I have a problem finding a matrix of coefficients for $$Q(x,y,z)=3x^2+2y^2+3z^2-2xy-2yz$$ original question is "Find the eigenvalues and the eigenvectors of the matrix of its coefficients"
I am able to find eigenvalues and eigenvectors, but I get stuck at the first step.
Assume $$\begin{bmatrix}x & y & z \end{bmatrix} \begin{bmatrix}3 & a & b \\ c & 2 & d \\ e & f & 3 \end{bmatrix}\begin{bmatrix}x \\ y \\ z \end{bmatrix}=3x^2+2y^2+3z^2-2xy-2yz$$ then find $\ a,b,c,d,e,f \ $ by equality, like below $$\begin{bmatrix}x & y & z \end{bmatrix}\begin{bmatrix}3x+ay+bz \\ cy+2y+dz \\ ex+fy+3z \end{bmatrix}\\ x(3x+ay+bz)+y(cx+2y+dz)+z(ex+fy+3z)$$ Is there an easy way to find the coefficients in the matrix with respect to $ -2xy-2yz \ $ in $Q(x,y,z)$?
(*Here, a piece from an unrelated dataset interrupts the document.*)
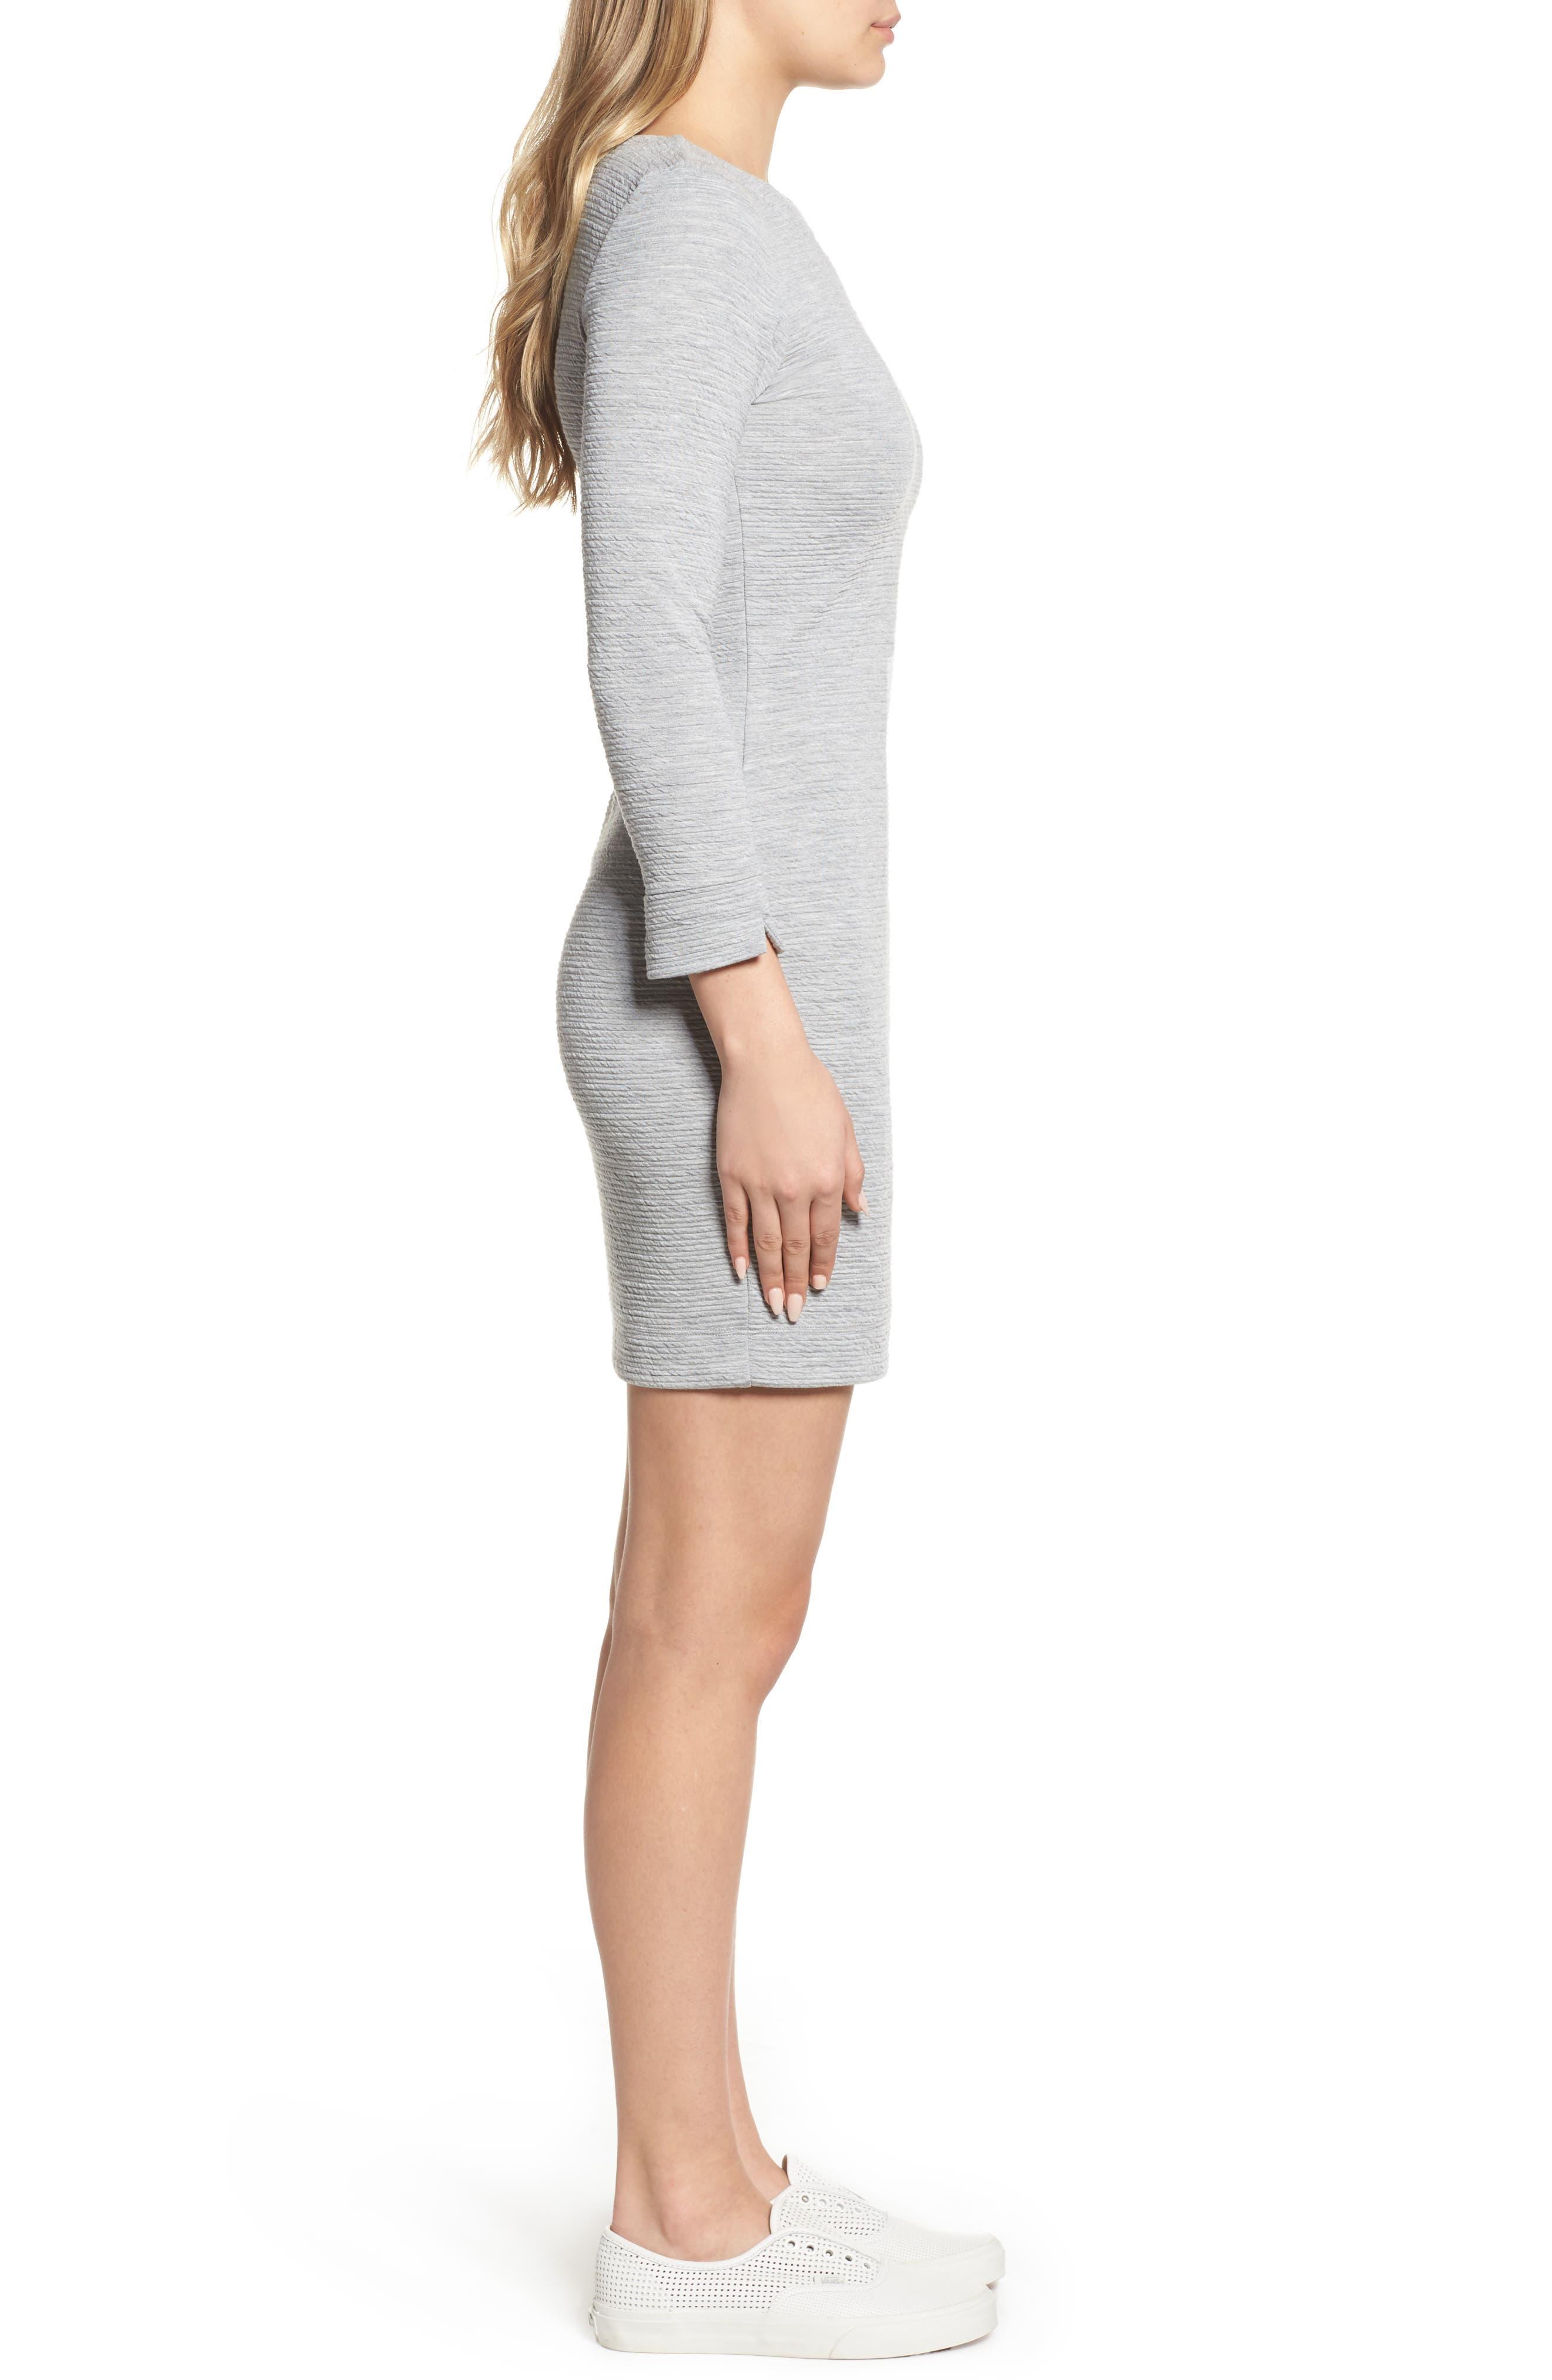 Sudan Marl Sheath Dress,                             Alternate thumbnail 3, color,                             Mid Grey Mel
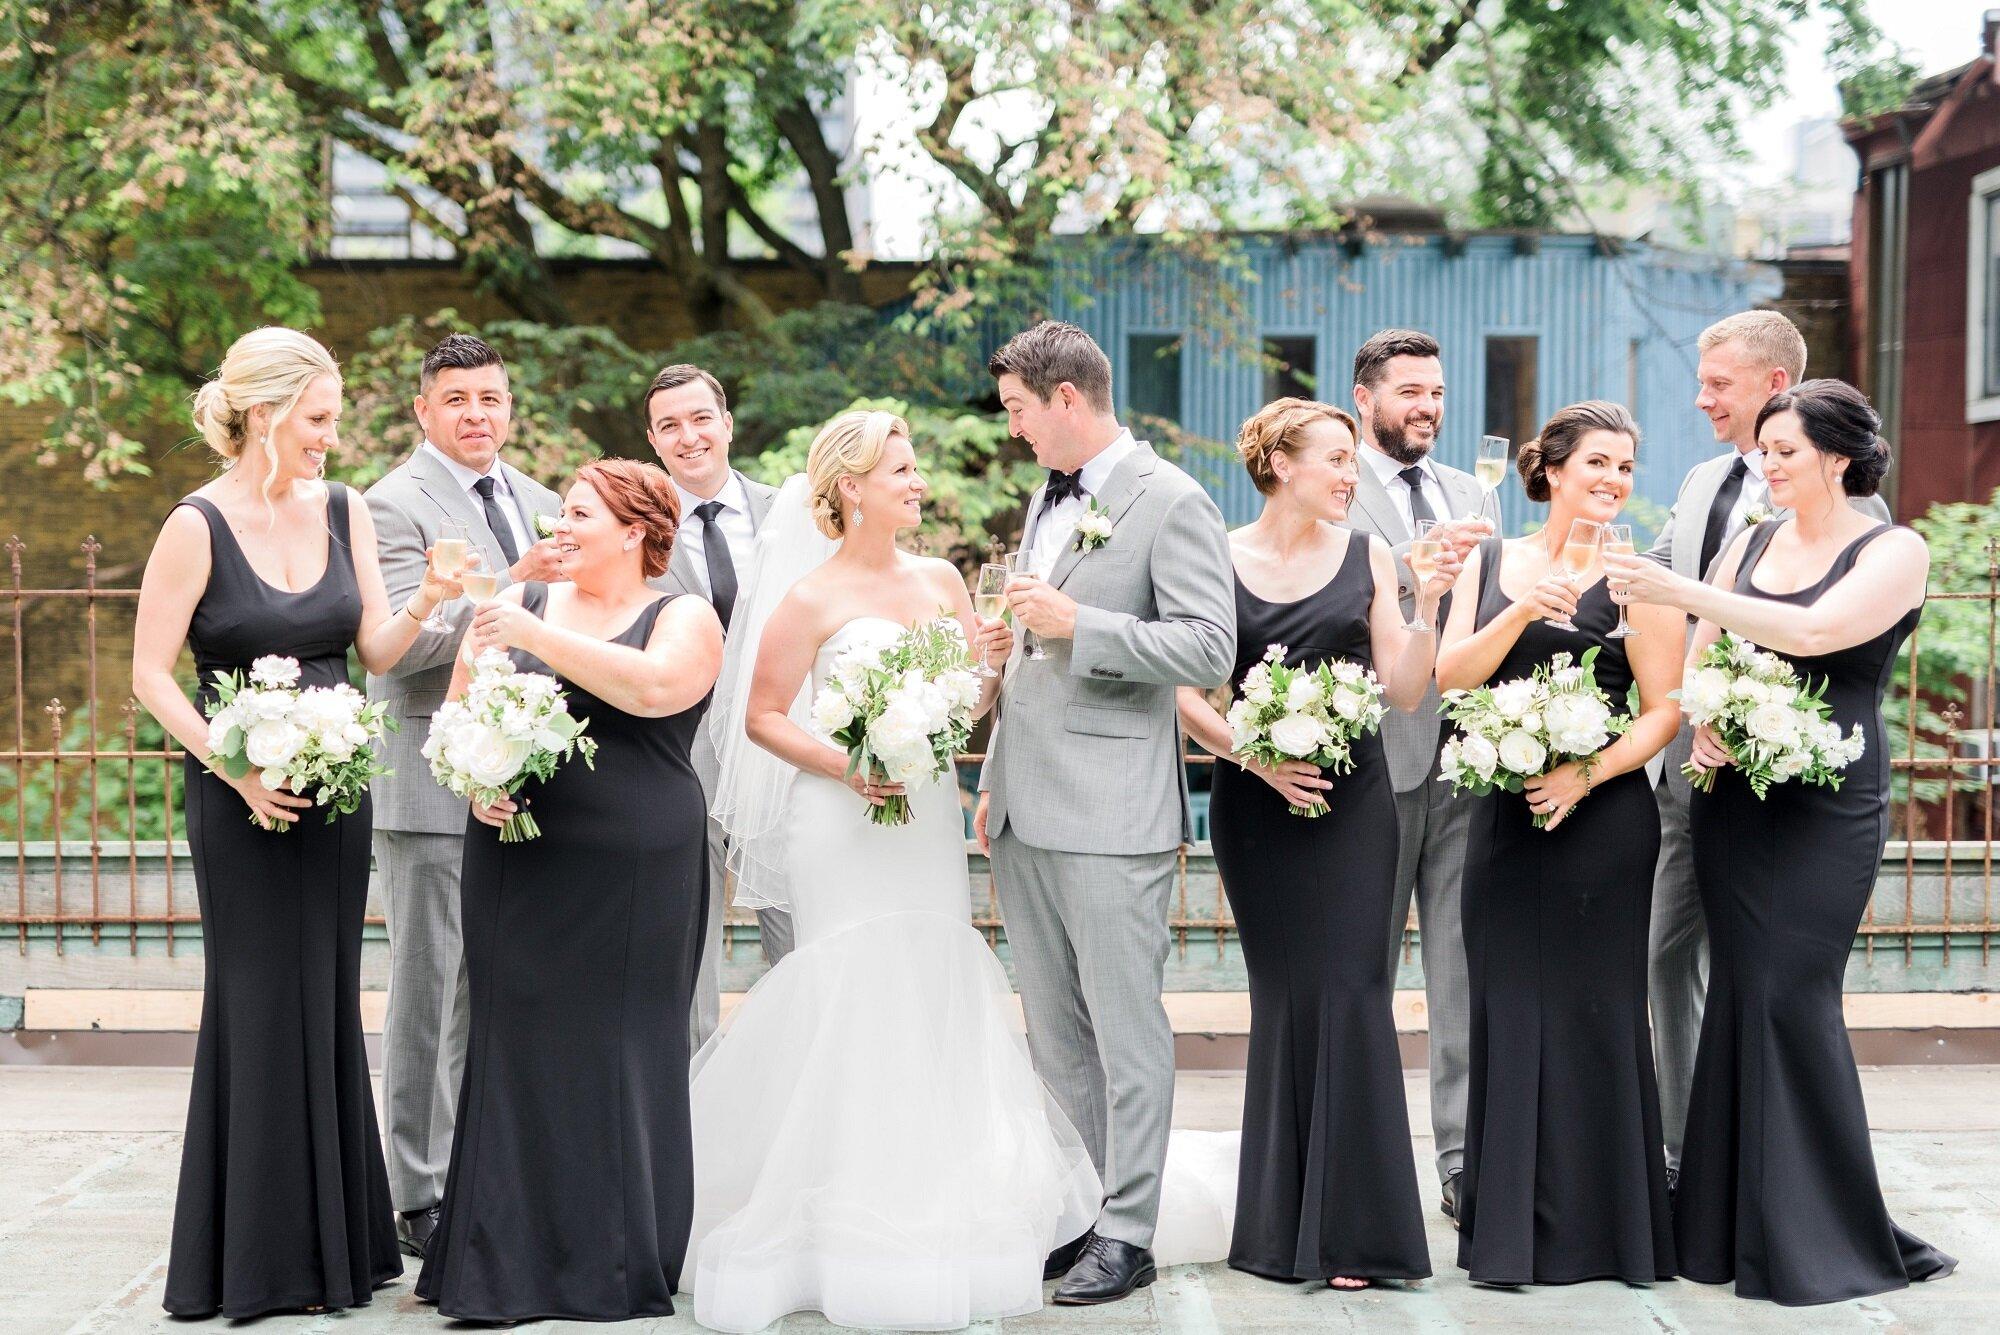 berkeley-field-house-wedding-kj-and-co-11.jpg

As you can see the entries $a$ and $c$ will both give the terms in $(a+c)xy$. The entries $b$ and $e$ give the terms in $(b+e)xz$. The entries $d$ and $f$ will give the terms in $(d+f)yz$.
The simples way is to suppose that the matrix is symmetric (i.e. $a = c$, $b = e$, $d = f$). In this way the non diagonal entries of our matrix our simply half the coefficient of the respective term in $Q$.
More explicitly the non diagonal entry $a_{ij}$ in the matrix will be half the coefficient of $x_{i}x_j$ in $Q(x,y,z)$ where ($x_1=x , x_2 = y, x_3 = z)$.
In your example you find the term $-2xy$ in $Q$ so take $a$ the half of $-2$. That is, $a = -1$. The term $-2yz$ in $Q$ gives $d = -1$. There is no term in $xz$ so the coefficient of $xz$ is $0 \implies b = 0$.
The matrix you're looking for is the following
$$ \begin{pmatrix} 3 & -1 & 0 \\ -1 & 2 & -1 \\0 & -1 & 3\end{pmatrix}.$$